*Problem requirements:*
Every line in the data below has to be repeated exactly; no picture belongs in the result.

*Given material:*
——

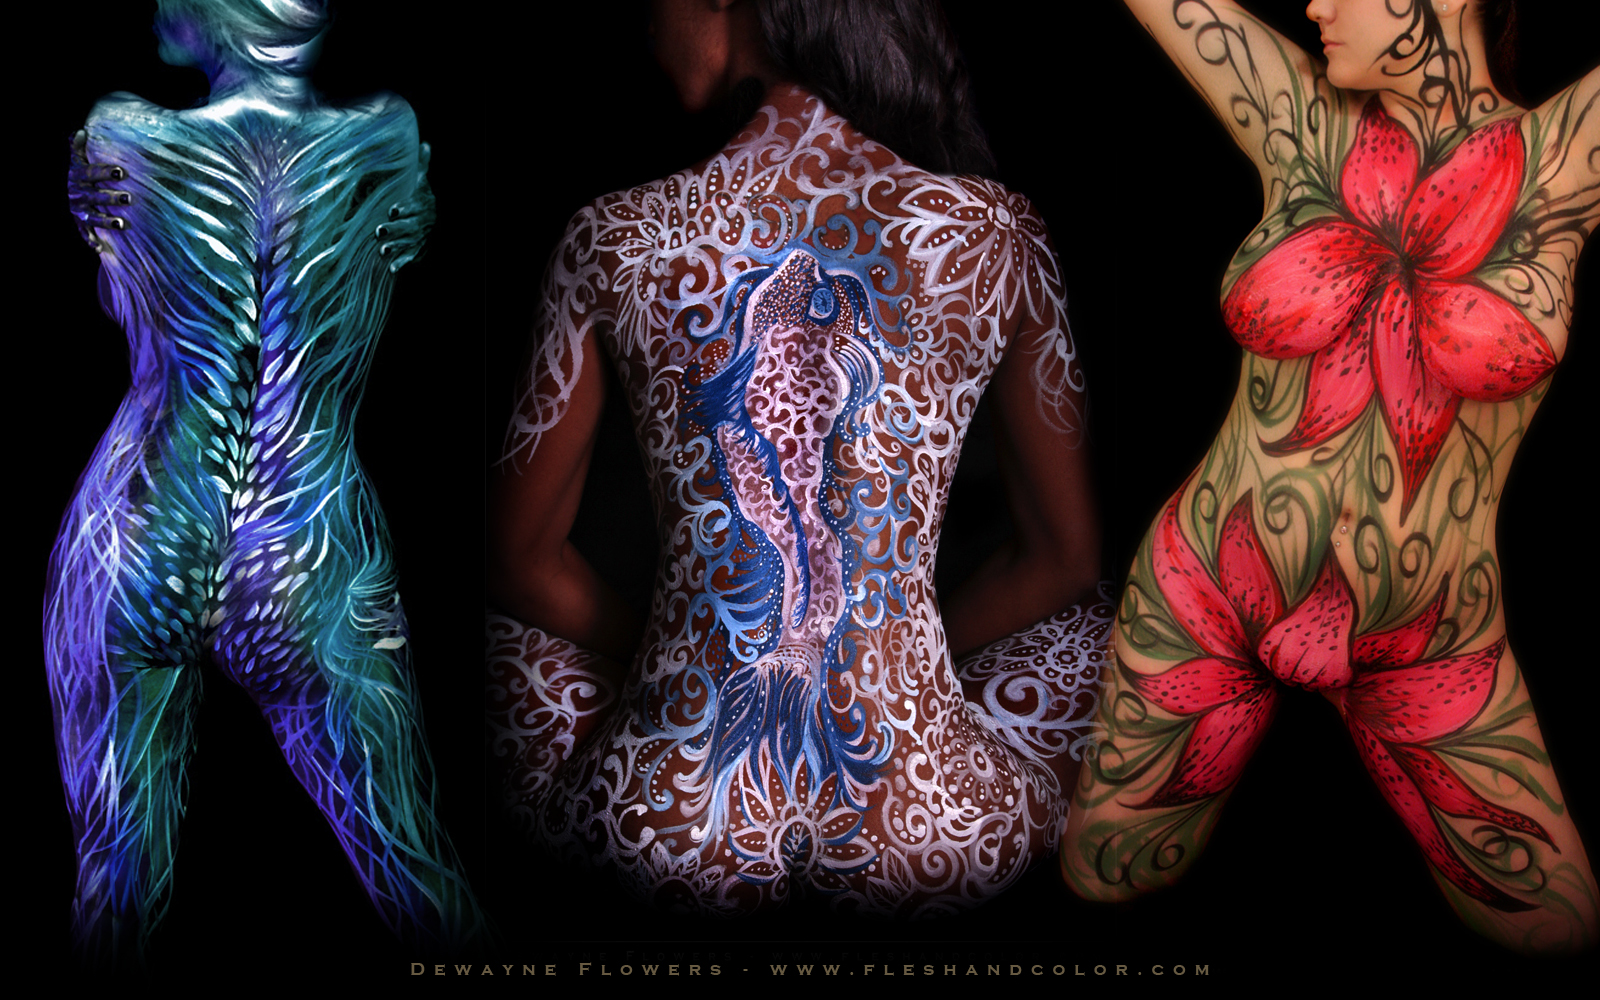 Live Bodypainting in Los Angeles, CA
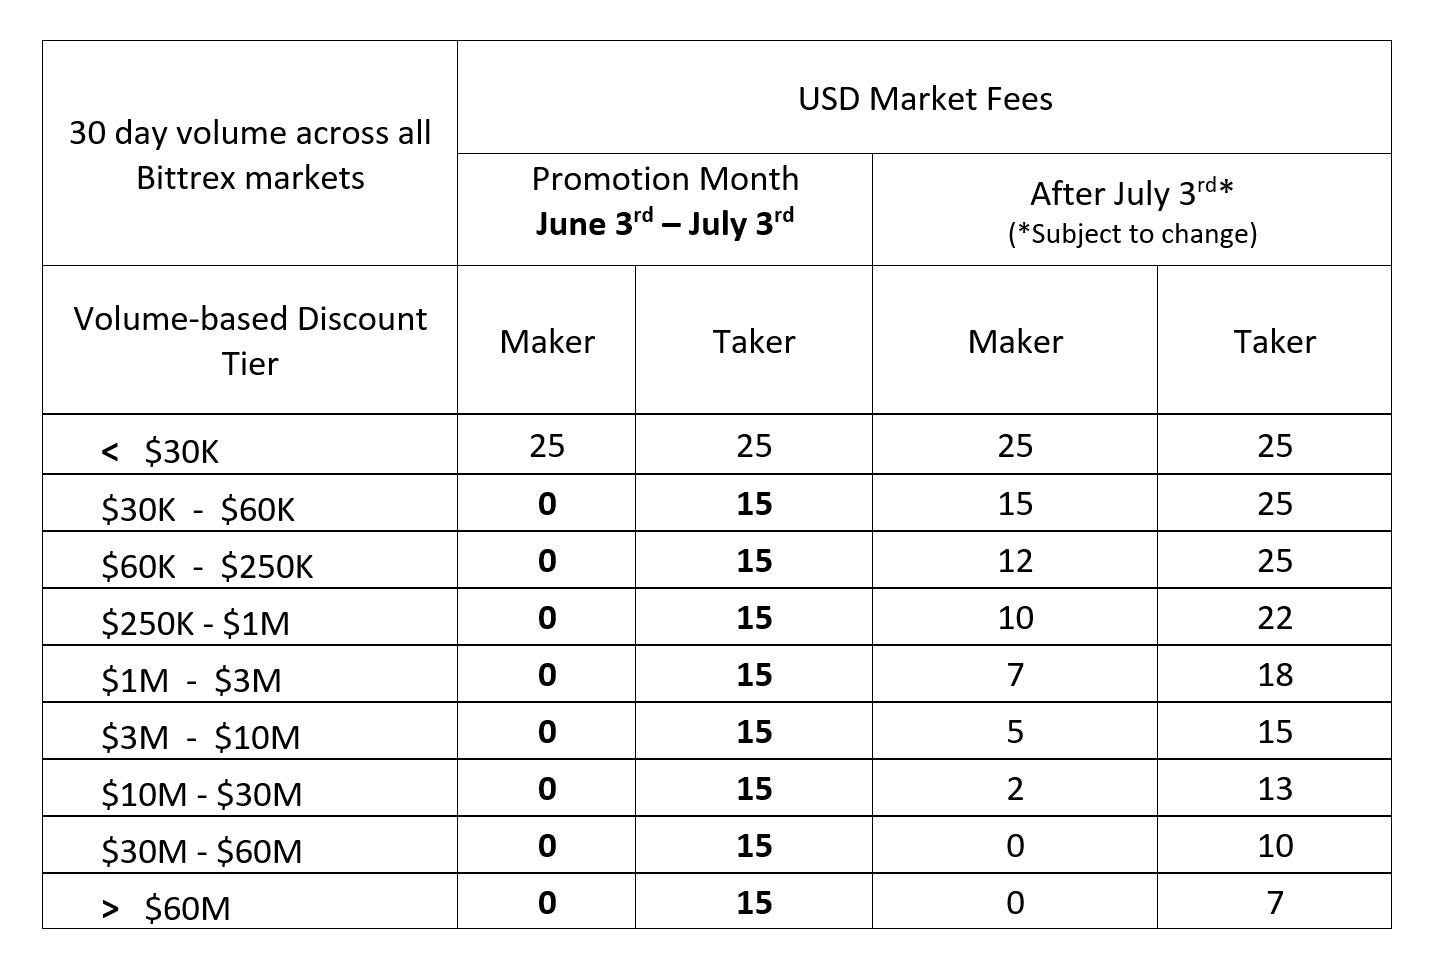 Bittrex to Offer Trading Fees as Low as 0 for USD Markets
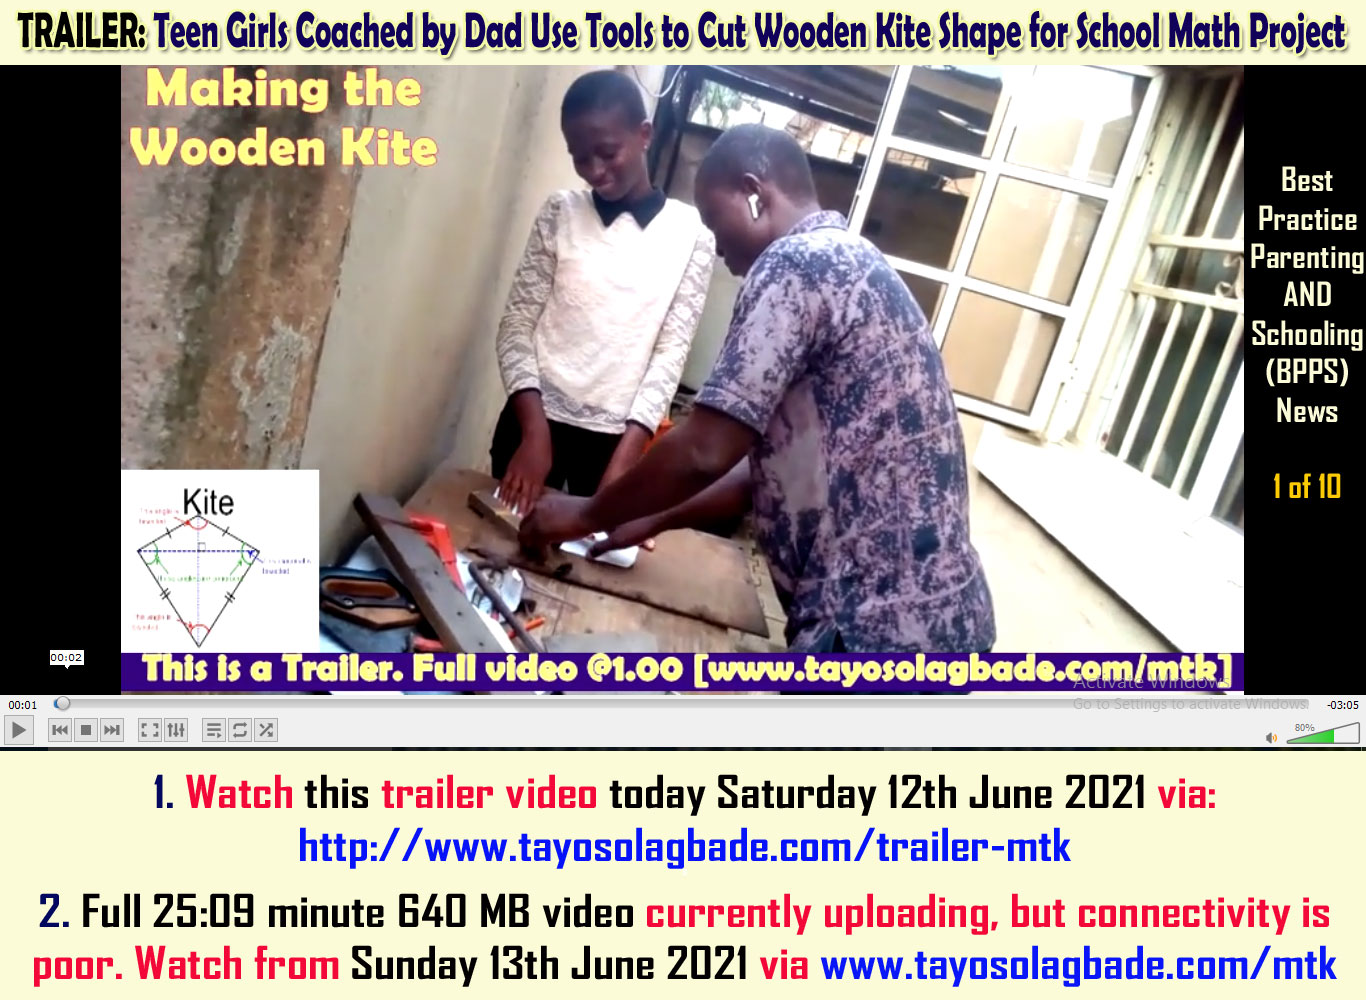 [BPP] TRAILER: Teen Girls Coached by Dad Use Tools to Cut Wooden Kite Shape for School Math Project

——

*Answer space:*
 Live Bodypainting in Los Angeles, CA
 Bittrex to Offer Trading Fees as Low as 0 for USD Markets
 [BPP] TRAILER: Teen Girls Coached by Dad Use Tools to Cut Wooden Kite Shape for School Math Project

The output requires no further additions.